Policing or catching poachers poses a challenge to the authorities. Poachers are skilled at carrying out their activities & are adept at blending well with the environment & avoiding detection. They are very familiar with the terrains inhabited by the elephants & can track the animals quickly.
Fortunately, the authorities can help use computer vision technology to gain an advantage over the poachers.
Drones, equipped with cameras, can take volumes of aerial pictures, helping to locate the elephants. These images can then be labeled to identify which pictures contain elephants.
A deep learning model is trained on thousands of such labeled images to identify elephants accurately. An RCNN model can use this information to detect elephants in the wild & alert the authorities in real-time.
Moreover, it can also be trained to identify human poachers, helping the police not only catch them in the act but also save the elephants in the process.
Monitoring species in the wild
In 2022, in a move bound to affect the livelihood of the local communities, the Alaskan snow & king crab fishing season was canceled for the first time.
Scientists closely monitoring the crab population for years had observed a drastic fall in their numbers. While factors such as overfishing & disease have been suggested as probable causes, the more likely culprit is climate change.
Changes in the ocean's chemistry, hotter water temperatures & the melting ice caps have all contributed to the mass exodus of the crabs.
To monitor aquatic species, biodiversity conservation teams often install underwater video cameras with infrared sensors. Every time a fish triggers the sensors, the camera captures 30-second video footage of the fish.
The manual process of identifying & label the aquatic species in the video footage is tedious, laborious & expensive. Fortunately, technologies such as computer vision can help marine scientists & nature conservation organizations automate this entire process.
Deep learning AI models are trained to create bounding boxes around each fish as they pass the camera. The relevant frames containing the fish are extracted from the video feeds to accomplish this. The entire workflow of video feed input, detection & classification is automated.
This kind of computer vision-based solution can save invaluable hours & costs in manually processing the videos. Some current solutions are predicted to deliver cost savings of up to 80%.
Auditing animal species
Closed ecosystems, such as wildlife reserves or zoos, audit the different types of species that inhabit them. To do this, zookeepers have to frequent the animal feeding zones at multiple locations to install cameras.
On a regular basis, they have to revisit these sites to remove the SD cards & replace the batteries.
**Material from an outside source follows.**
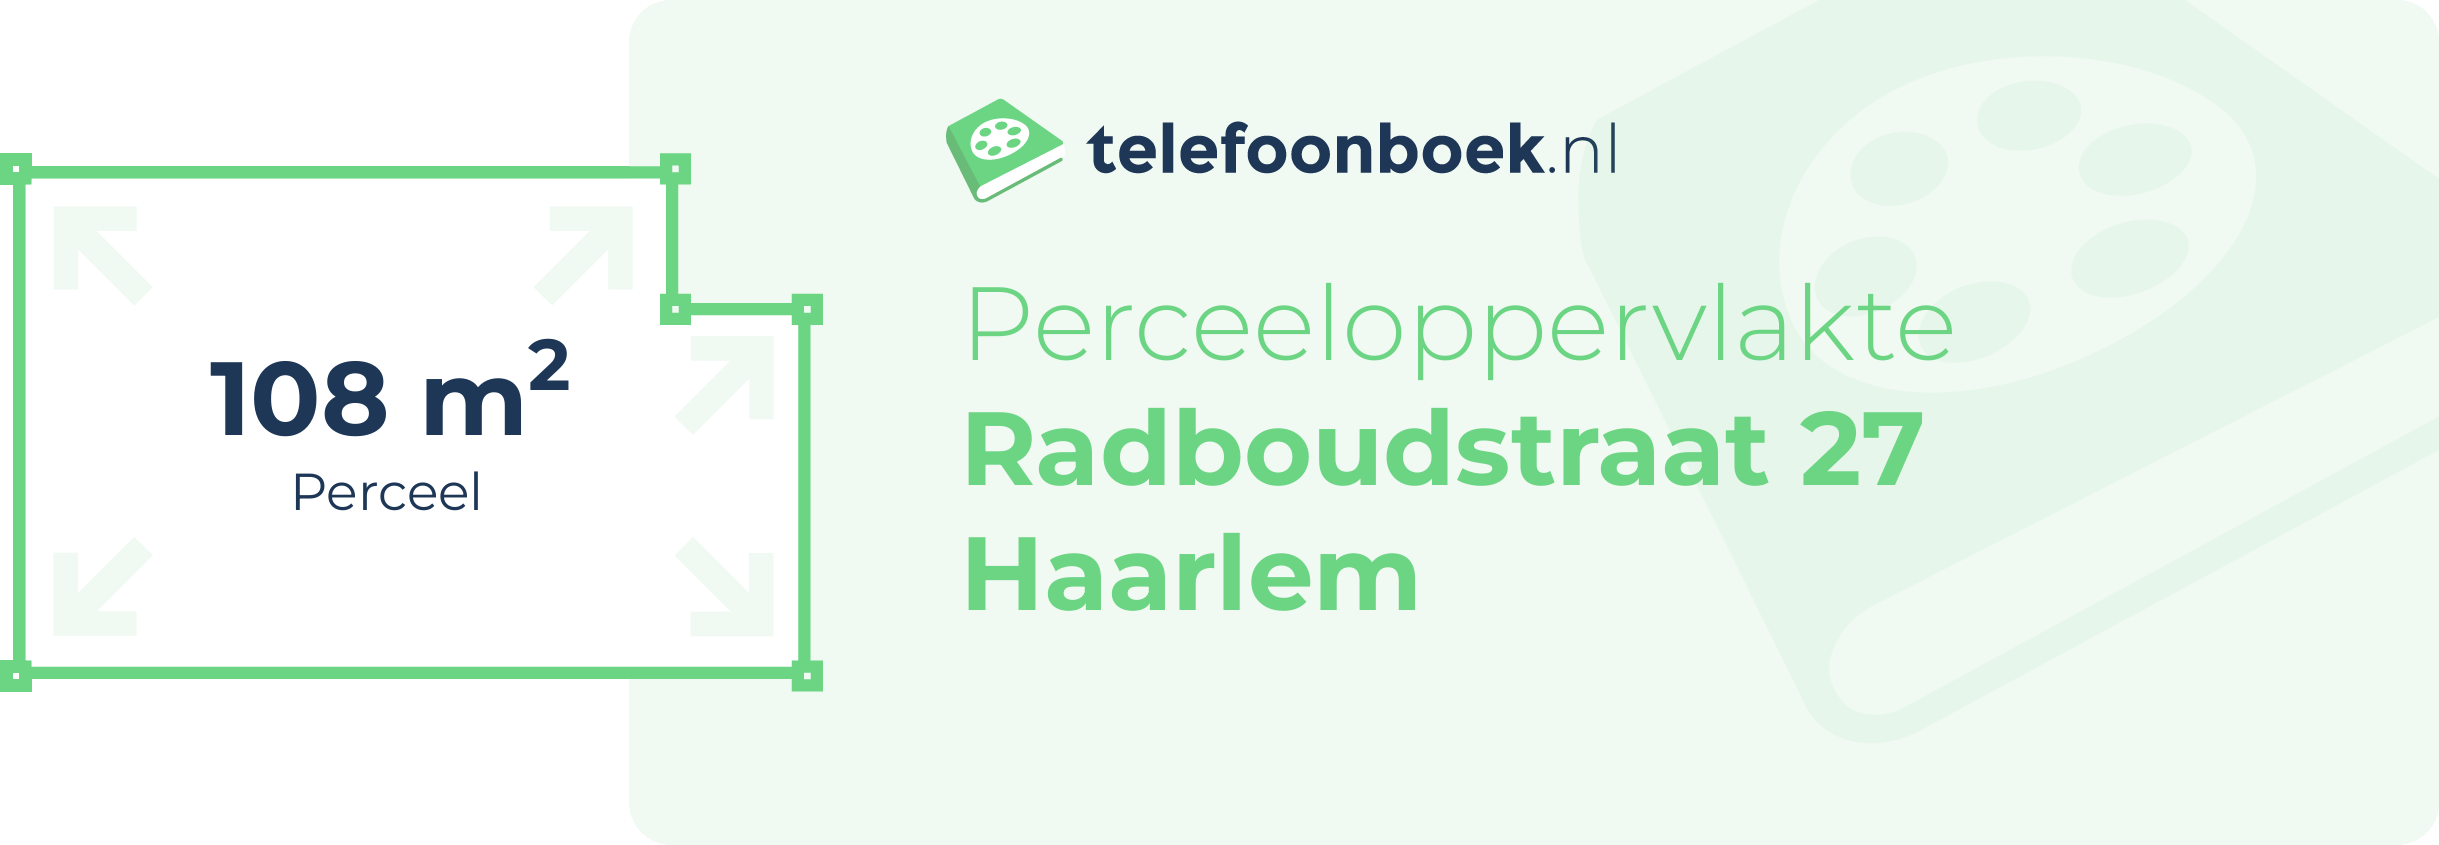 Perceeloppervlakte Radboudstraat 27 Haarlem

Once back at their home locations, they have to manually go through the camera footage & identify the animal species.
This is inefficient & cumbersome. Fortunately, computer vision technology can help automate this entire process.
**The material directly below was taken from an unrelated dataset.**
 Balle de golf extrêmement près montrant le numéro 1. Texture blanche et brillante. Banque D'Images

Instead of manually transporting the images from the SD cards, they are automatically uploaded to cloud storage. AI & computer vision technology is then utilized to automate the process of tagging the captured images.
This solution can present all animal sightings in summary information that can be easily accessed through a user-friendly web application.
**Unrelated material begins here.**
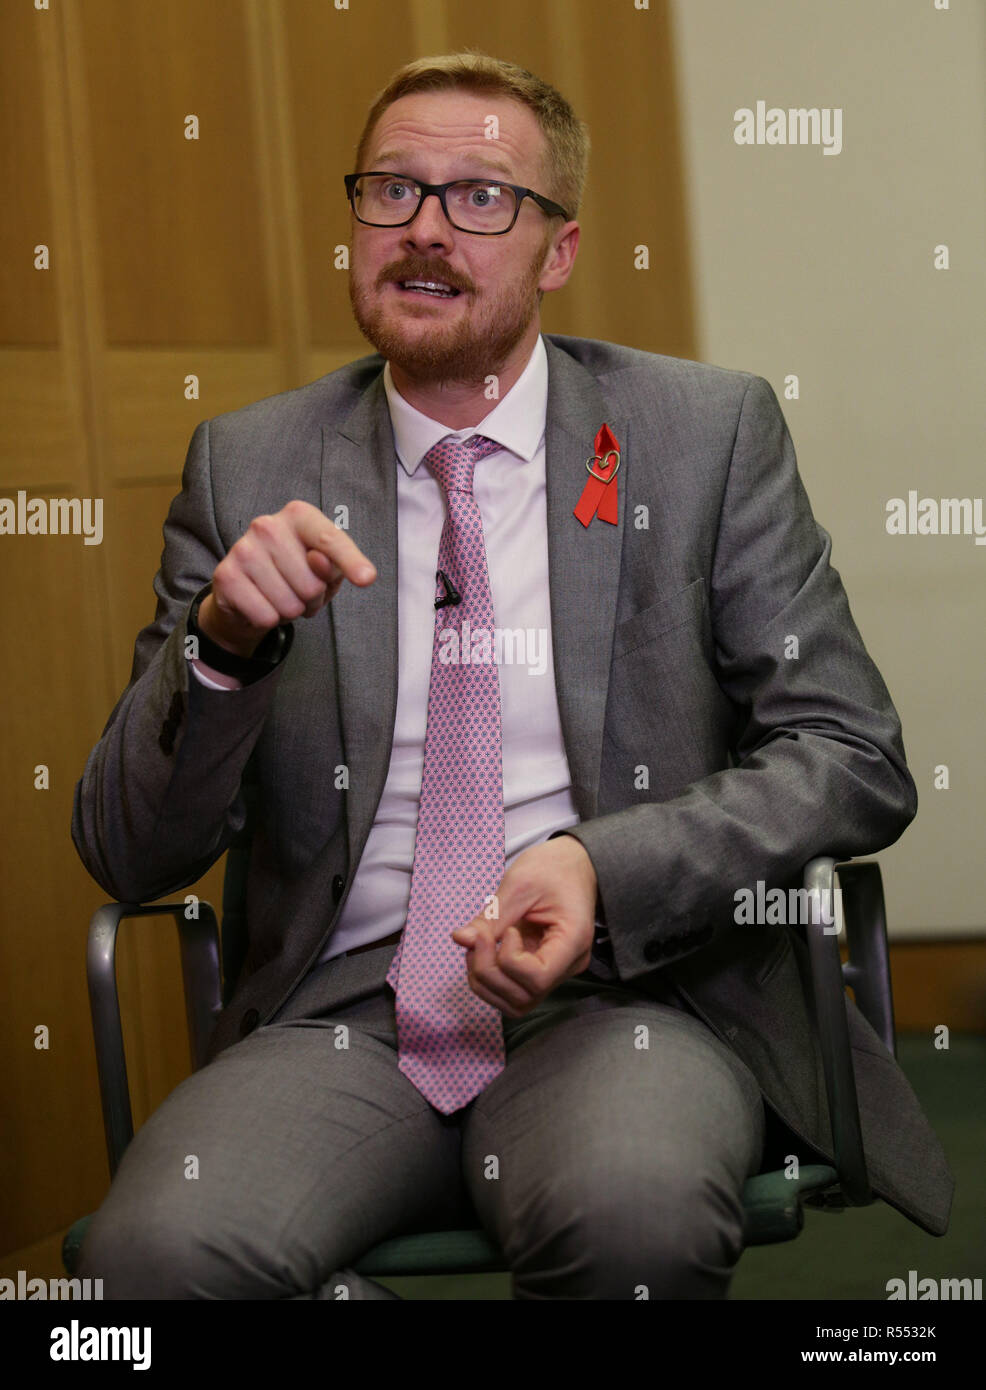 Lloyd Russell-Moyle, Labour MP für Brighton Kemptown, während eines Interviews mit der Presse Verein Portcullis House, London, wo er über seine HIV-positiven Status sprach. Stockfoto

Applications already in use have vastly reduced the manual intervention in tagging images. In some cases, the AI models have been able to identify animals from the pictures with up to 95% accuracy.
The imminent risk of man-made climate change & species extinction is increasing daily. Thankfully, so is the computing power of modern AI, deep learning & computer vision technologies.
The cost of technology adoption has fallen drastically. Today, it can be integrated into our conservation initiatives more confidently than it could have been done a decade ago.
In such a scenario, technology should be considered an enabler of conservation & not an overhead.